Castillo, in particular, has followed a volatile pattern since 2016, largely due to its animosity with the Peruvian parliament. The agency has been at odds with the presidency ever since former Finance Minister Pedro Pablo Kuczynski (commonly known as PPK) won a surprise victory over Keiko Fujimori in that year’s presidential election. Young Fujimori retained influence and power in Congress, and her party and its allies thwarted Kuczynski’s attempts to form a cabinet and implement his policies. and created a pattern of animosity between the legislative and executive branches that continued during Castillo’s tenure, as well as corruption scandals like the one that helped overthrow the PPK.
According to Hurtado, Castillo did not have the tools, experience, infrastructure and know-how to make his campaign promises a success. But it’s also true, according to Furtado, that Congress and the Peruvian political system thwarted him by not recognizing his victory, a common complaint among Castillo’s supporters.
“It frustrates people that Congress uses impeachment so easily,” Hartad said. get things done. There have been some major reforms. It was found that the country was looking to expand its national presence, and major social programs were in place. Little has changed since 2016, and the status quo is getting worse. ”
That’s part of why the protesters’ calls to dissolve parliament resonate so strongly.
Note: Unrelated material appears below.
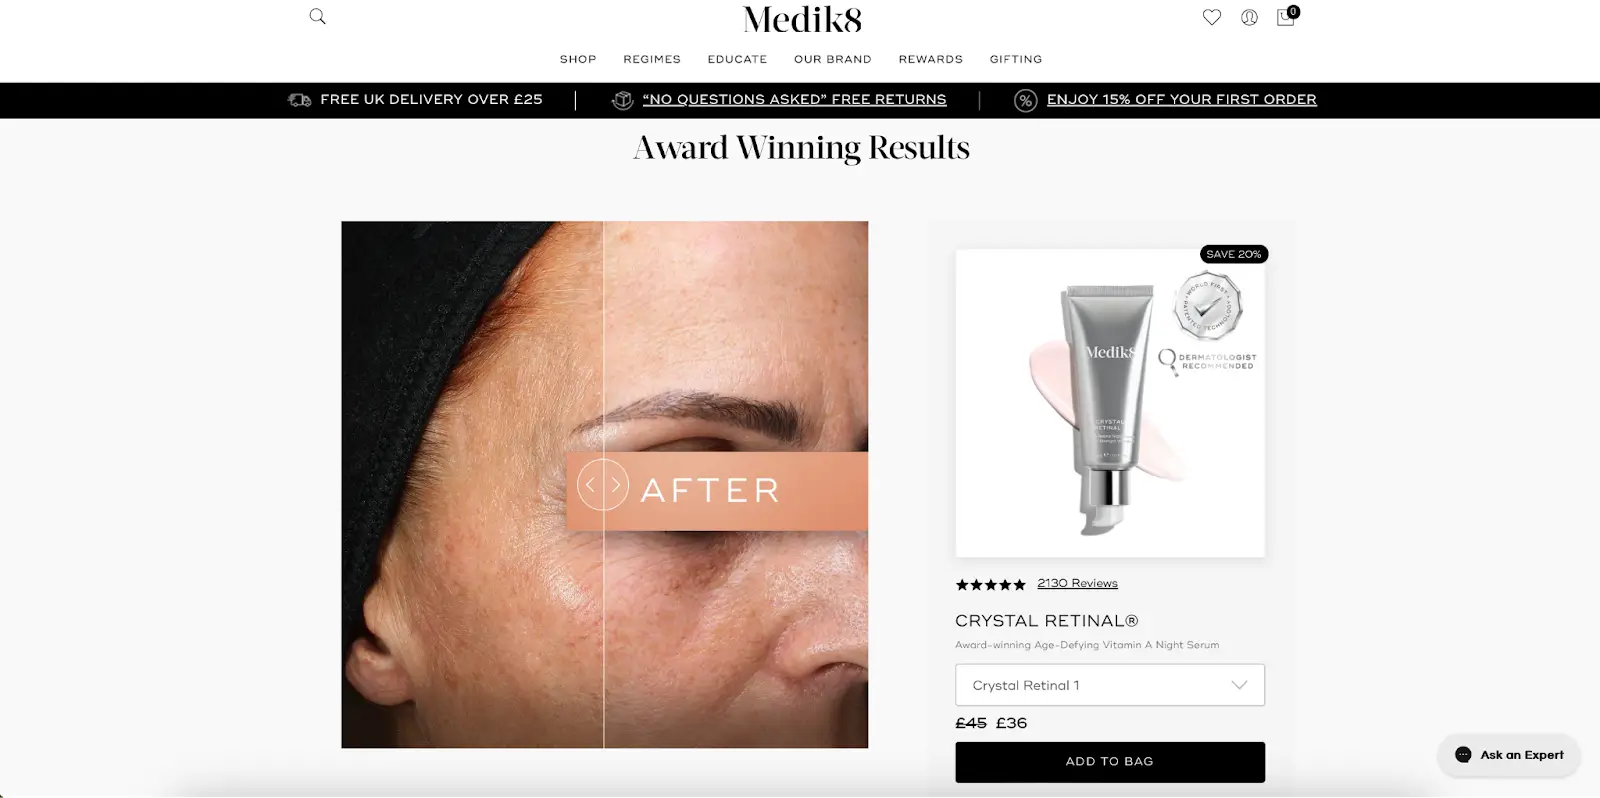 這張圖片展示了英國專業護膚品牌 Medik8 如何強調其產品在對抗老化和色素沉著方面的功效。它討論了利益細分如何幫助像 Medik8 這樣的護膚品牌識別客戶的痛點，進行相應的細分，並將這些細分與合適的產品相匹配。

A recent poll by the Instituto de Estudios Peruanos found support for Congress at 7%. 74% of those surveyed approve of dissolving the current parliament. But fears in relatively new and fragile democracies, especially those where an elected president has previously dissolved parliament and established a dictatorship, suggest that the absence of such institutions will create an even deeper crisis. It means that it will be
On the question of where Peru could go from here, experts said Vox had no satisfactory answer because the state had no real desire to engage with protesters other than violence. And the protesters, despite their material and political demands, have an overarching organization, an umbrella, to collectively pursue dialogue with the government. not.
For Peru to have any hope of overcoming its current dysfunction, Toledo Orozco said, “conflict, conflicting issues need to be taken out of the bullet and put back into politics.” Or without a clear, consolidated list of demands, the protests remain fragmented, with no clear lines of communication with the government. As a result, observers say the ability to compromise has diminished.
“The crux of this conflict is that democracy requires more than just economic growth,” Toledo Orozco said. “We need political parties that respond to the needs and demands of the masses. A democracy that does not address the issue of representation and does not consider the needs of the poorest pays a price.”